Simulation results showed that the developed detector based on wavelet decomposition provides smaller errors in measuring the duration of RR-intervals of the ECG in a wide range of changes in the signal-to-noise ratio in comparison with the classical approaches based on matched filtering and the Pan–Tompkins algorithm. In terms of accuracy, the proposed algorithm is comparable to a much more complex approach based on neural networks.

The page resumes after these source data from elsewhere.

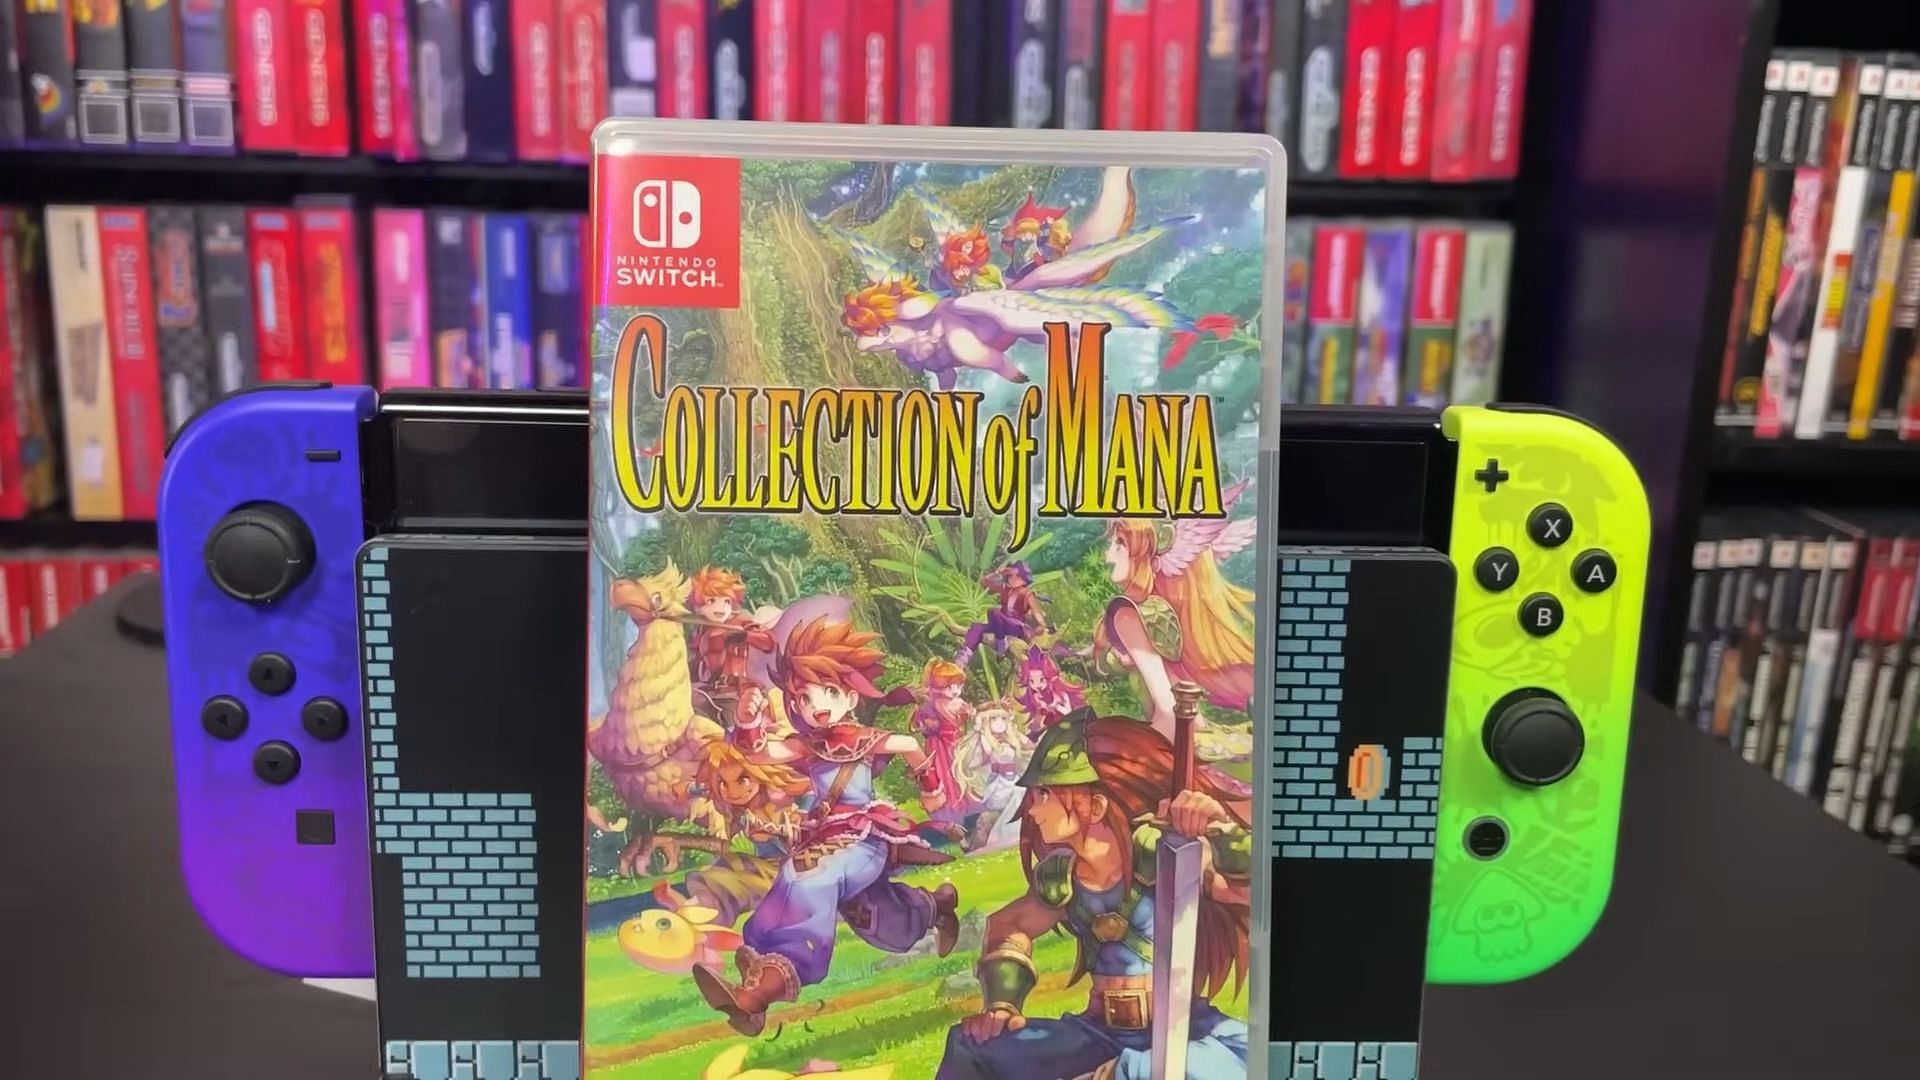 The Nintendo Switch with Collection of Mana (Image via Gaming Off The Grid/YouTube)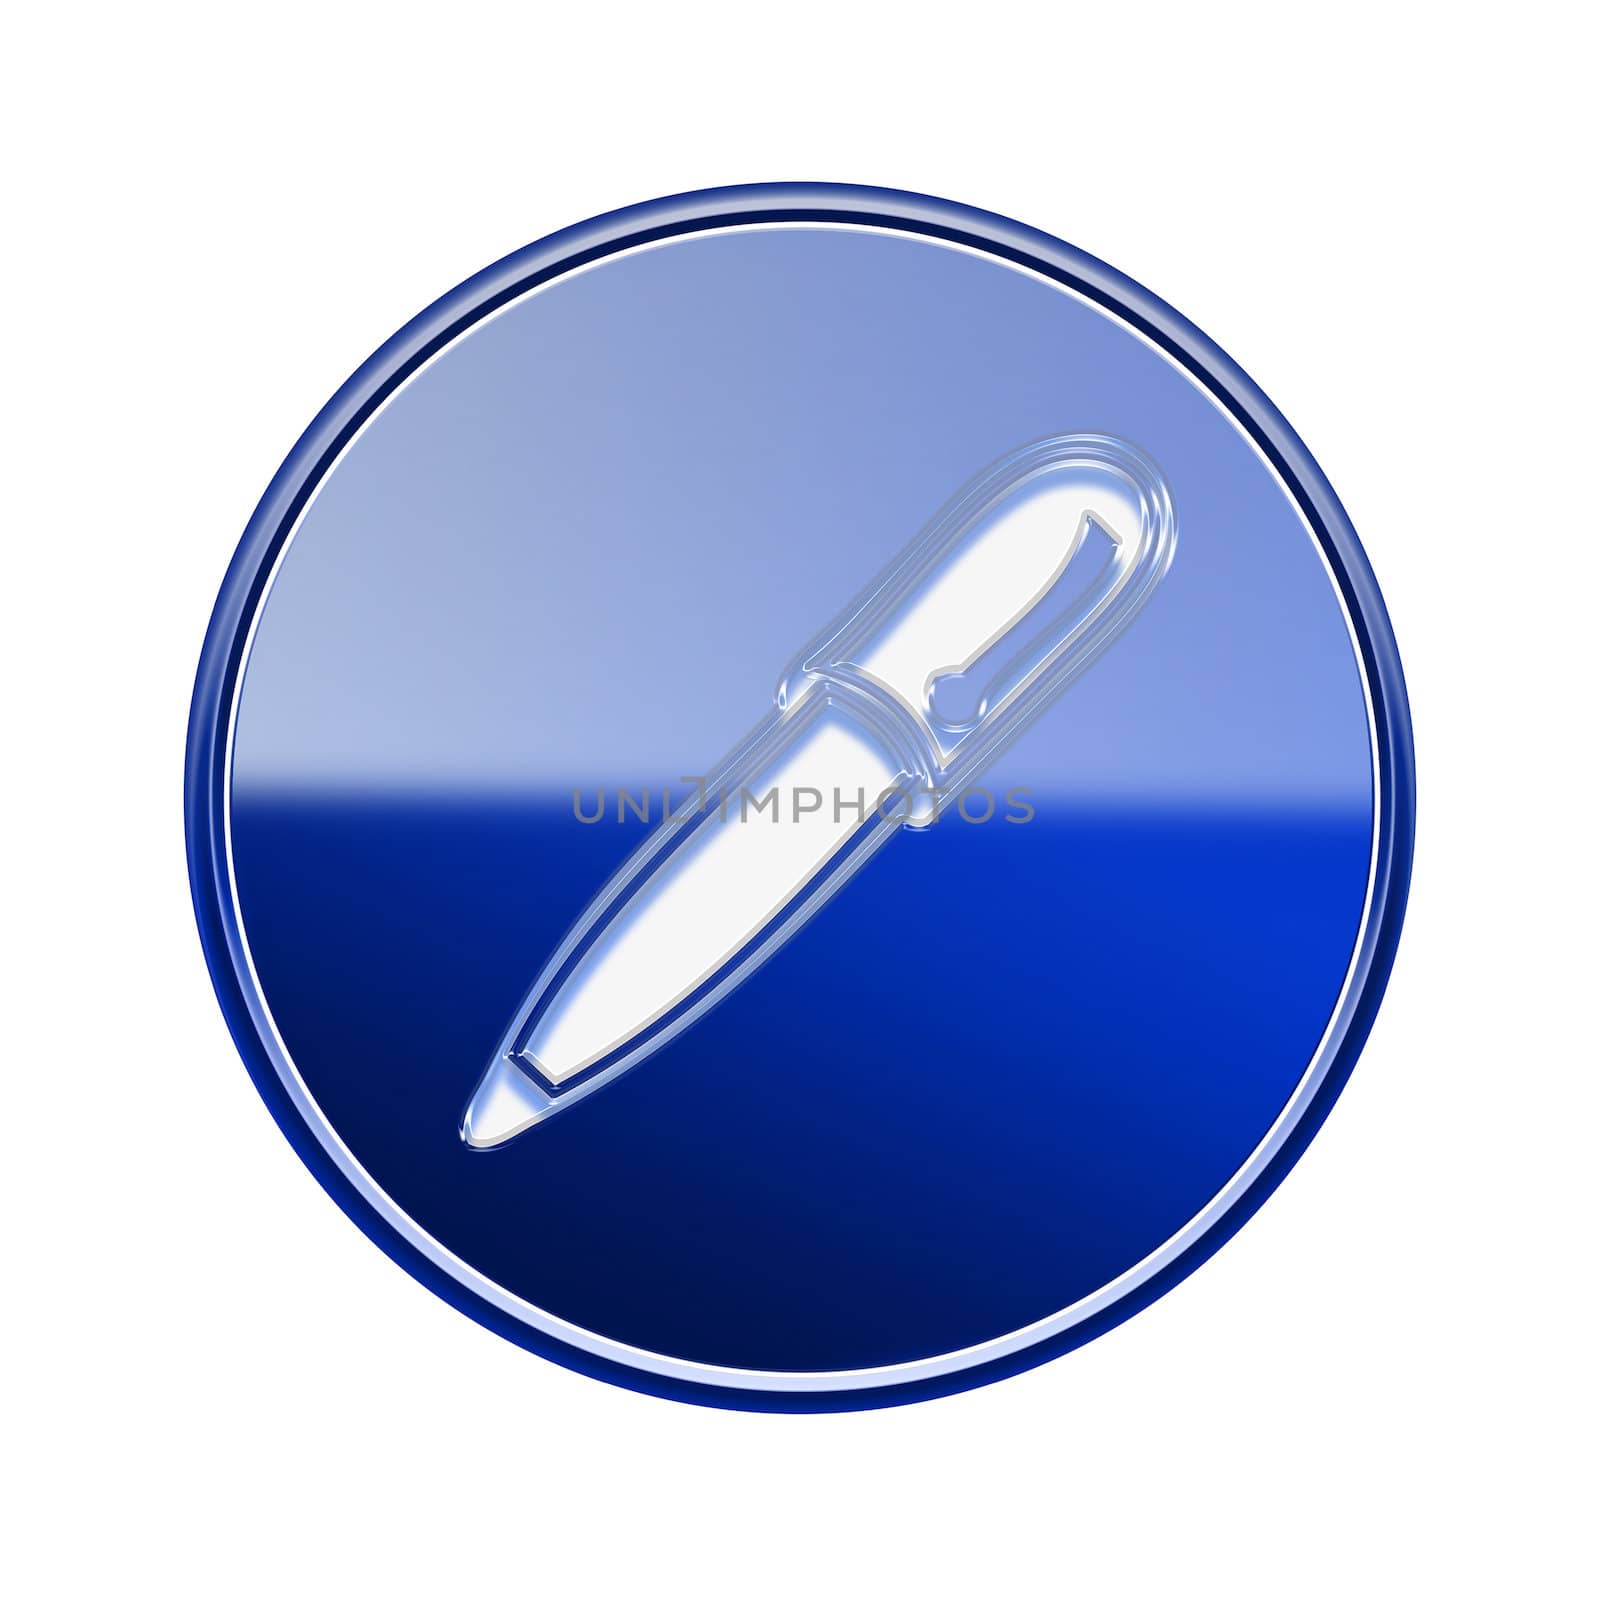 Pen icon glossy blue, isolated on white background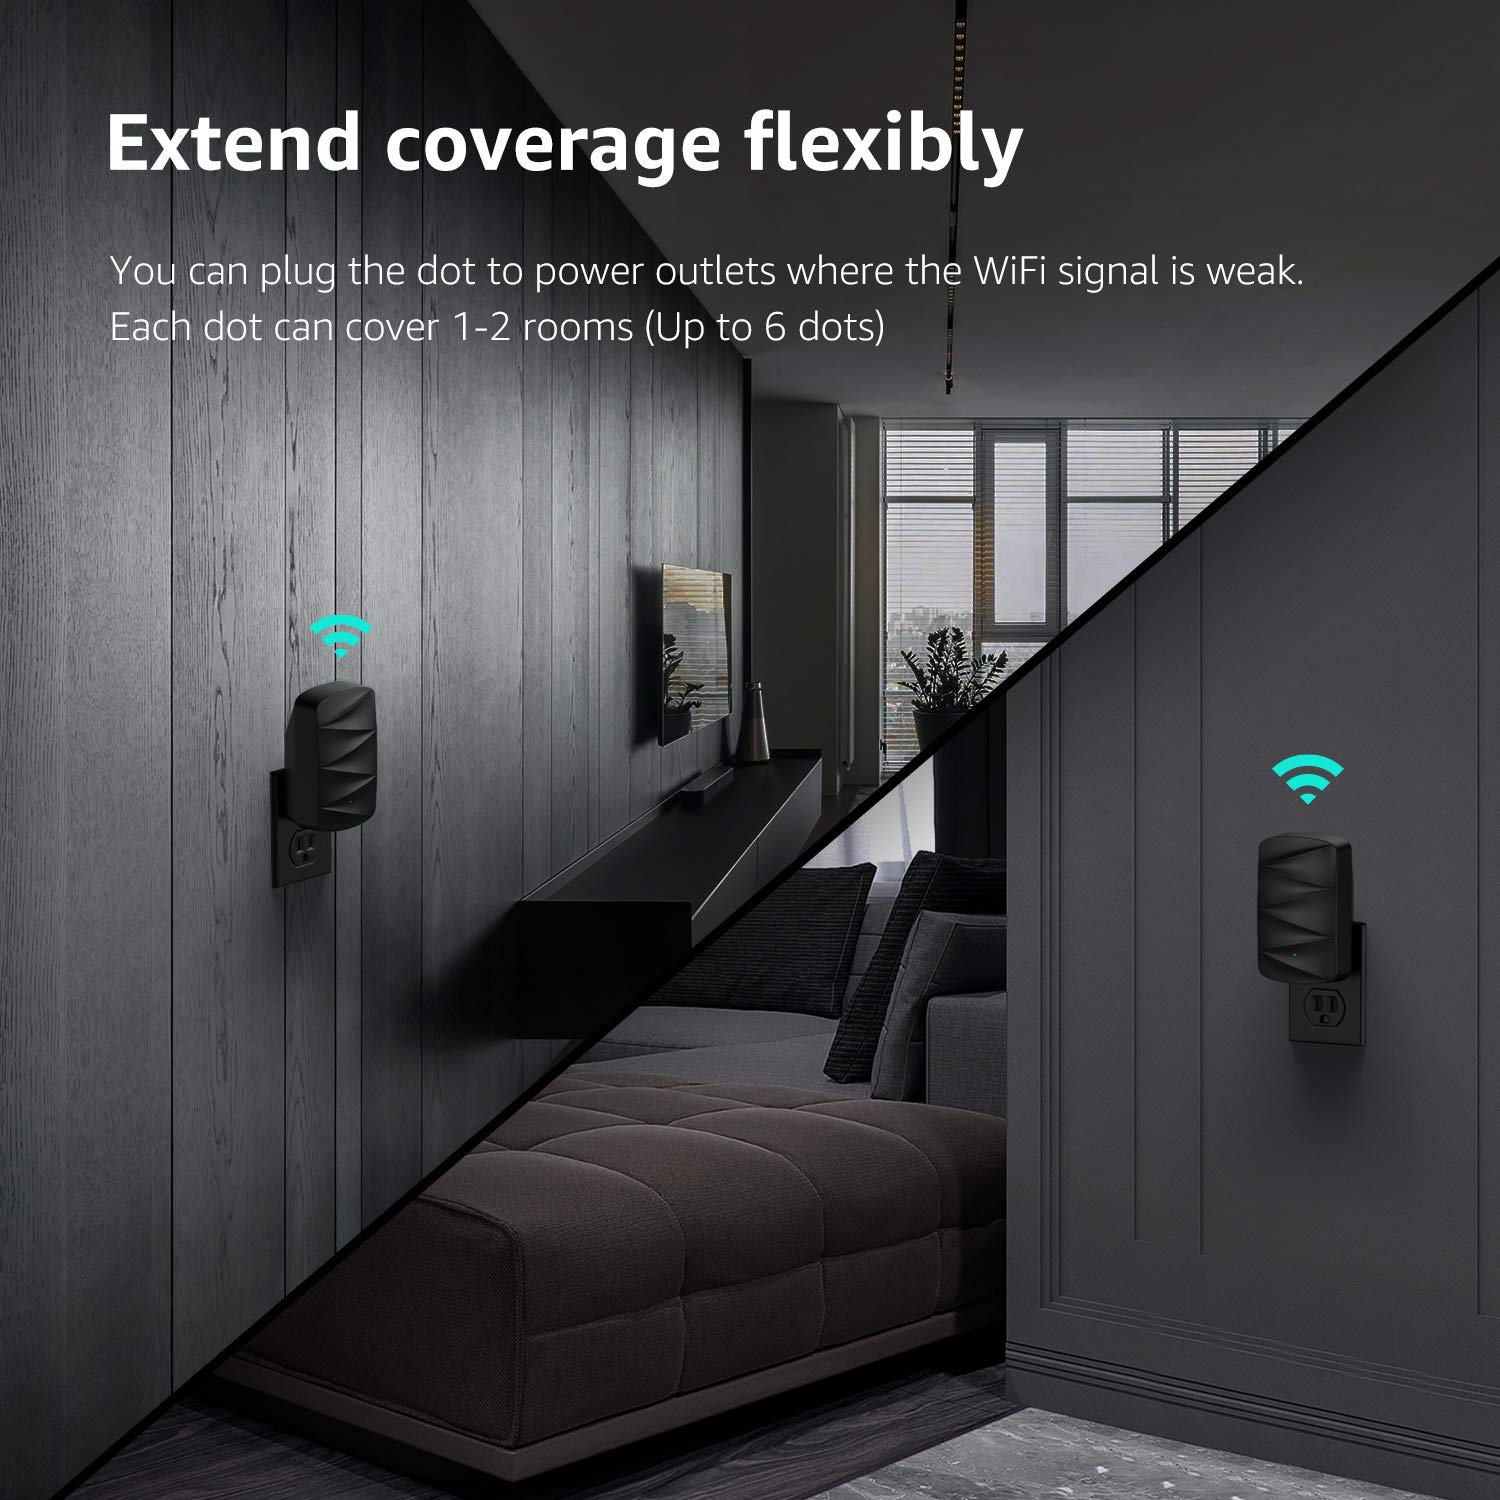 Meshforce M3 Dot Wall Plug WiFi Extender (Midnight Black), Up to 1,000 Sq. ft. Coverage – Use with only MeshForce WiFi System

The advantages of the proposed method for detecting ECG R-waves include relative simplicity of implementation, sufficient performance for modern computing systems, small errors in measuring the duration of RR-intervals, high rates of true detection, small errors of false detection and omission. The proposed approach loses insignificantly in the detection accuracy and measurement errors of RR-intervals to the neural network detector; however, the latter method is much more complicated and time consuming and requires preliminary training of the neural network on significant experimental data to achieve high efficiency.